Unter dem Drachenbaum by Horst Uden

Unter dem Drachenbaum by Horst Uden

Autor:Horst Uden
Die sprache: deu
Format: epub
ISBN: 9788494342943
Herausgeber: Zech Verlag
veröffentlicht: 2015-06-13T00:00:00+00:00


Der Regen-Heilige

Eine alte Bauernregel auf La Gomera lautete:

'Wenn’s die Heil’ge Kathrin nicht regnen läßt,

Sankt Andreas bestimmt die Erde näßt!'

Und soweit auch die Ältesten zurückdenken konnten, stets hatte der Spruch gehalten, was er besagte.

Doch in diesem Jahre schien er nicht in Erfüllung gehen zu wollen. Ausgedörrt lag das Land, unentwegt brannte seit August die sengende subtropische Sonne auf die Insel nieder und verwandelte das schwarzbraune Lavagestein in glühende Felsblöcke.

Am niedergeschlagensten waren die Bewohner von Valle Hermoso. Was sollte aus ihrer Saat werden? Wie konnten sie das nächste Jahr überstehen, wie ihr Vieh am Leben erhalten? All’ die flehentlichen Gebete, die sie zum Himmel sandten, waren bisher umsonst: nicht der kleinste Regenschauer belohnte ihr inständiges Bitten. Und welche Gelübde sie auch taten, der Tag der Heiligen Katharina ging vorüber, und noch immer zeigte sich keine hoffnungsreiche Wolke am Himmelsgewölbe, das wie ein blauflammender Metallsturz über dem Eiland lastete.

In ihrer Not wandten sie sich an den Cura des Dorfes, Don Manuel.
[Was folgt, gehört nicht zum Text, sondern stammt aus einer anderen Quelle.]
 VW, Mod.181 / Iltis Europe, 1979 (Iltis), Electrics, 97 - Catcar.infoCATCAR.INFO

Doch der einzige Trost, den ihnen der Pfarrer zu spenden wußte, war sein Ausspruch: 'Wenn Gott nicht will, da hilft auch kein Heiliger als Fürsprecher.'

Selbst der betagte Schulmeister wußte keinen anderen Rat als die alte Bauernregel:

'Wenn’s die Heilige Kathrin nicht regnen läßt,

Sankt Andreas bestimmt die Erde näßt!'

Er hatte sie in der Kindheit gelernt, und noch immer war sie in Erfüllung gegangen.

Und mit neuer Inbrunst flehten die Gläubigen zu dem Regen-Heiligen.
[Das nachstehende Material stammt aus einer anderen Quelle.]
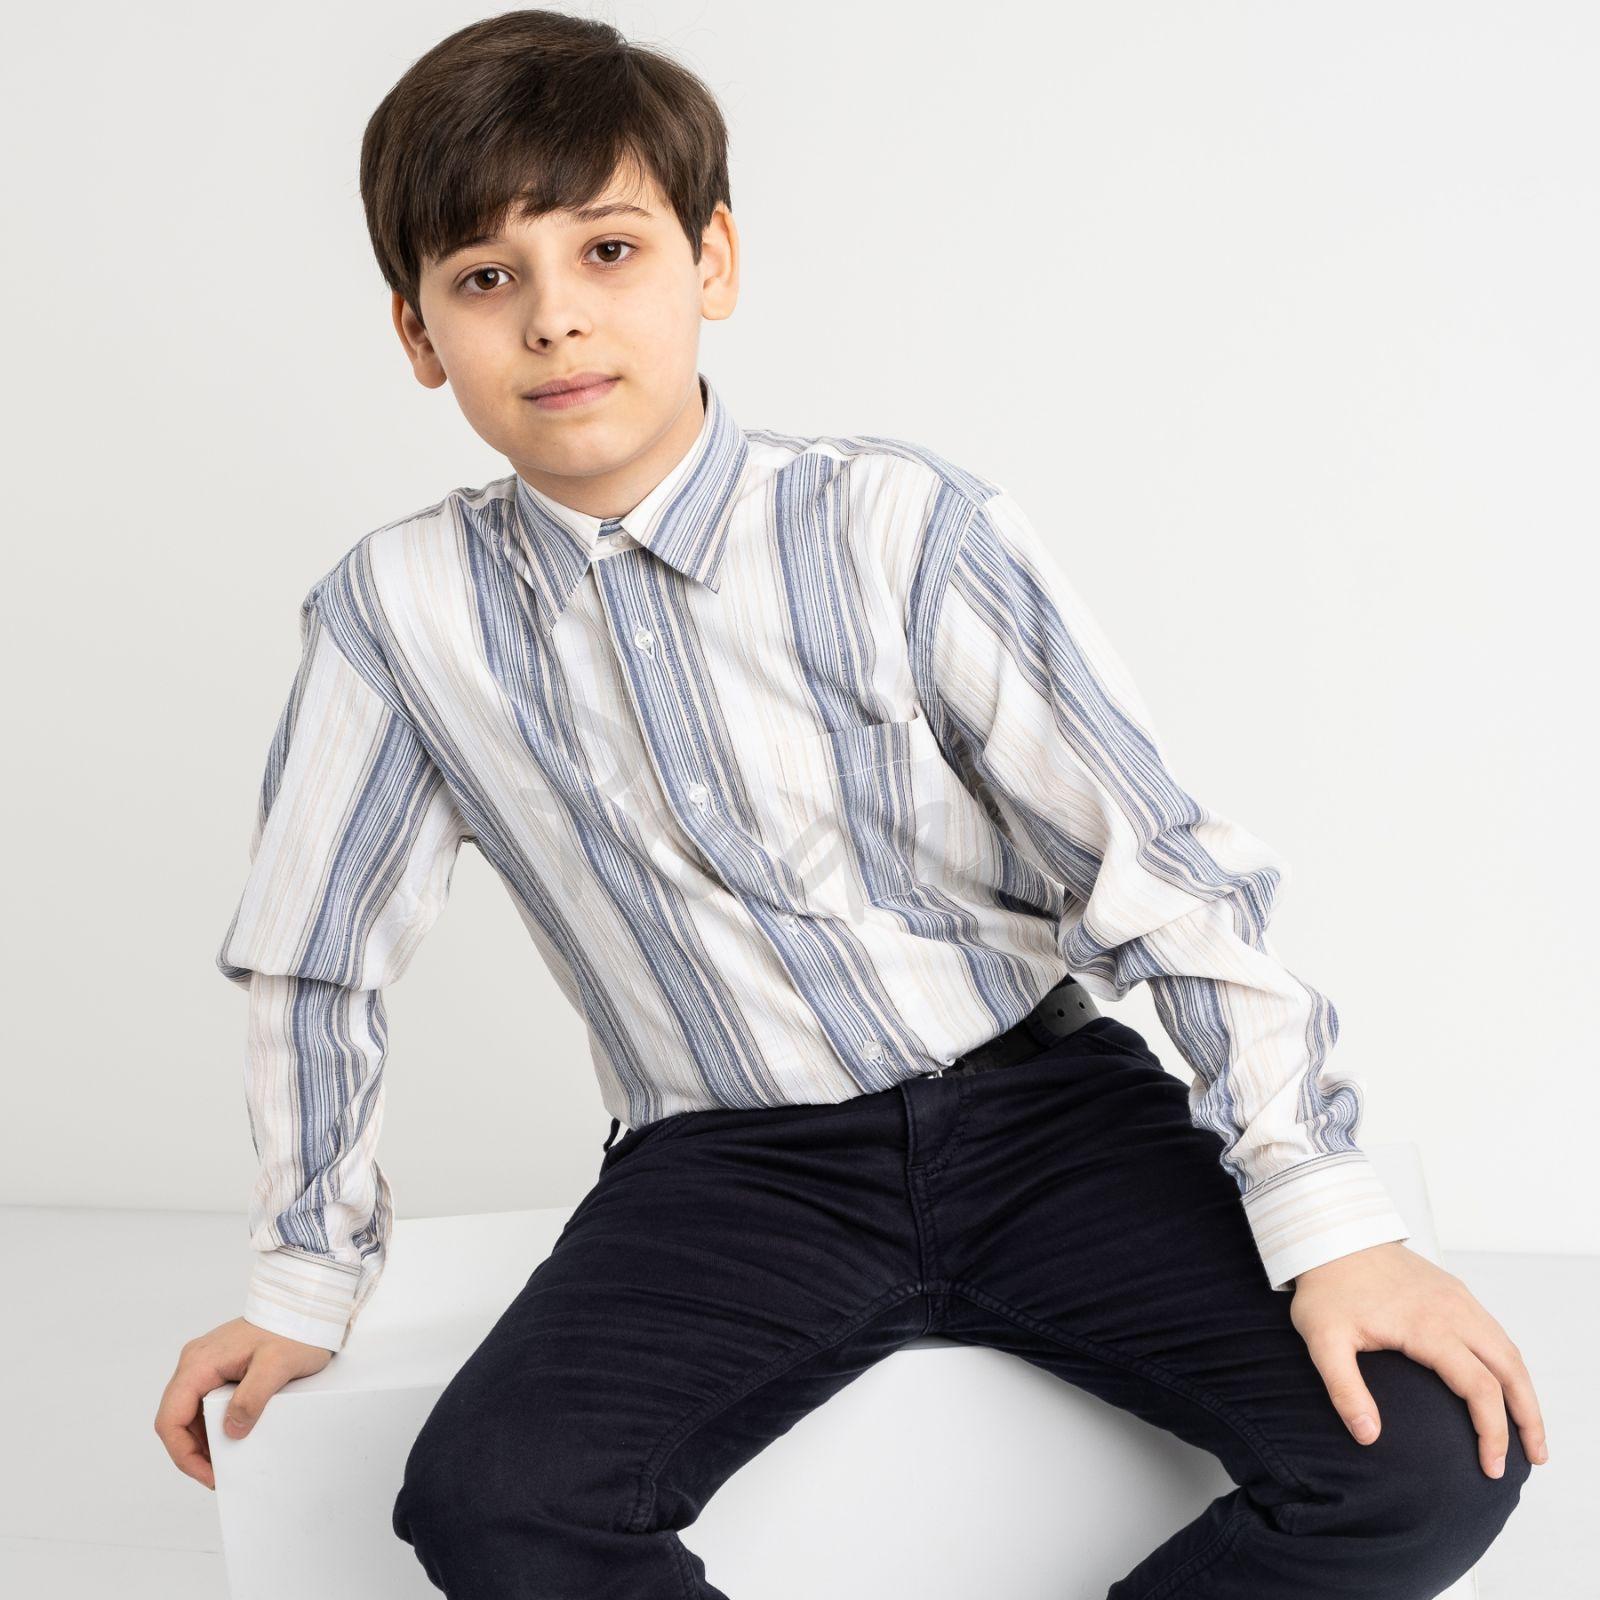 1908 Boston Public белая рубашка в полоску на мальчика 7-15 лет (5 ед. размеры: 30/31.32/33.33/34.34/35.35/36)

Der Tag vor Sankt Andreas war herangekommen. Heißer und unbarmherziger brannte die Sonne als je an einem 29. November. Die letzte Hoffnung der Bewohner von Valle Hermoso war geschwunden. Nur einer vertraute fest auf die Wunderkraft des Heiligen: der alte Cubas, der Totengräber des Dorfes.

'Kleinmütige!' rief er den auf dem Kirchplatz Versammelten zu, 'noch nie hat uns Sankt Andreas im Stich gelassen! Morgen nach der Messe wollen wir den Heiligen in feierlicher Prozession zu dem kleinen Teich ins Tal von Tejo tragen. Beim Anblick des Wassers wird er sich erbarmen und uns seine Hilfe nicht weigern!'

'Bravo!' schrien die Umstehenden, 'der alte Cubas hat recht! Pfeift den Nachbarn, alle sollen am Bittgang teilnehmen!'

Und schon lief Diego, der Sohn des Totengräbers, aus dem Dorf, erkletterte den Felsen von Garajonay, und wenige Augenblicke später tönte sein schrilles Pfeifen über Hügel und Bergketten bis zu den entferntesten Gehöften, die Bewohner zur Regenprozession zu laden.
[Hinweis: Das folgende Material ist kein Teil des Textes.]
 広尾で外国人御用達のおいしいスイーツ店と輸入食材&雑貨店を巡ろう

Denn so, wie Diego die Bauern im Umkreise benachrichtigte, so verständigen sich noch heute die Leute von La Gomera durch Pfeifen über die ganze Insel hin. Drei Arten gibt es, mit der sie ihre auf der Welt einzig dastehende 'Pfiff-Sprache' übermitteln, die noch aus der Zeit der Ureinwohner stammt: Den schrillen Pfiff mit zusammengepreßten Lippen, der durch die Mundwinkel pfeift und die Skala des ganzen Alphabets umfaßt, den warnenden Pfiff auf den V-förmig in den Mund gesteckten Fingern, und den lockenden Pfiff mit gespitzten Lippen, der am Abend ertönt, wenn sie mit ihren Mädchen von Berghof zu Berghof ›plaudern‹...

Golden dämmerte der Morgen des hoffnungsreichen Tages heran. Die kleine Kirche von Valle Hermoso faßte kaum die Gläubigen, die sich Kopf an Kopf in dem schmalen Raume drängten.